START Records provided
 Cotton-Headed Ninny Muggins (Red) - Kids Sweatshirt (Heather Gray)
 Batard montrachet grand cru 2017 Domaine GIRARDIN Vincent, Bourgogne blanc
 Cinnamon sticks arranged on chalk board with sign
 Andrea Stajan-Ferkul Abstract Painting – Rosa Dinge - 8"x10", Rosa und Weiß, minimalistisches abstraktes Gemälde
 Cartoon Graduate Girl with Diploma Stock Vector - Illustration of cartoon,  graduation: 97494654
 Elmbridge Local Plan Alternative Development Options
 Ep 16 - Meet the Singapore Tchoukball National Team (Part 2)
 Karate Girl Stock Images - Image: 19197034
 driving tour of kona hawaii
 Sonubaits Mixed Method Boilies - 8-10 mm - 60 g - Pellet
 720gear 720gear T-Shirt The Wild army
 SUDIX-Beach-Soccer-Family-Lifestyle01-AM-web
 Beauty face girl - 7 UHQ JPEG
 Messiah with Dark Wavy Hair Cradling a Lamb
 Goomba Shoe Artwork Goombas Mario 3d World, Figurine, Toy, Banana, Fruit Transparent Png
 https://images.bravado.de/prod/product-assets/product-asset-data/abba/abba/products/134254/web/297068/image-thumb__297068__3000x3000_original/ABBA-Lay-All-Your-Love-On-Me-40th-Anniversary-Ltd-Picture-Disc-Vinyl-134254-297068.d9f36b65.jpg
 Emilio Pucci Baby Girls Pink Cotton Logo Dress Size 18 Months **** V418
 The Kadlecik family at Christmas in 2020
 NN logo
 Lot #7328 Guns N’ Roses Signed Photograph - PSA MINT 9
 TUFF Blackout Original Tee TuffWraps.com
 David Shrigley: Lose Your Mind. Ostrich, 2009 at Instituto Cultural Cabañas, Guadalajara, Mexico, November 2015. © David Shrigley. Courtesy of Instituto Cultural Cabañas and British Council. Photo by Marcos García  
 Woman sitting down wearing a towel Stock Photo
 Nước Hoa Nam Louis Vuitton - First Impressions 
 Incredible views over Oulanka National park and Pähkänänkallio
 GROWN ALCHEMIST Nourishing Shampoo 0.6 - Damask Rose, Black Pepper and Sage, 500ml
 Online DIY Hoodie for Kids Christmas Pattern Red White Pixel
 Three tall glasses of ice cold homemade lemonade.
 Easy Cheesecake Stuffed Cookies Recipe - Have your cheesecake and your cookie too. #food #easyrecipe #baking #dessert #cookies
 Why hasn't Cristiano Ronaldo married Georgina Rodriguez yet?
END Records provided
| What is being asked |
Scan the material above for the string "Kids" and return the lines that hold it.

| Result |
 Cotton-Headed Ninny Muggins (Red) - Kids Sweatshirt (Heather Gray)
 Online DIY Hoodie for Kids Christmas Pattern Red White Pixel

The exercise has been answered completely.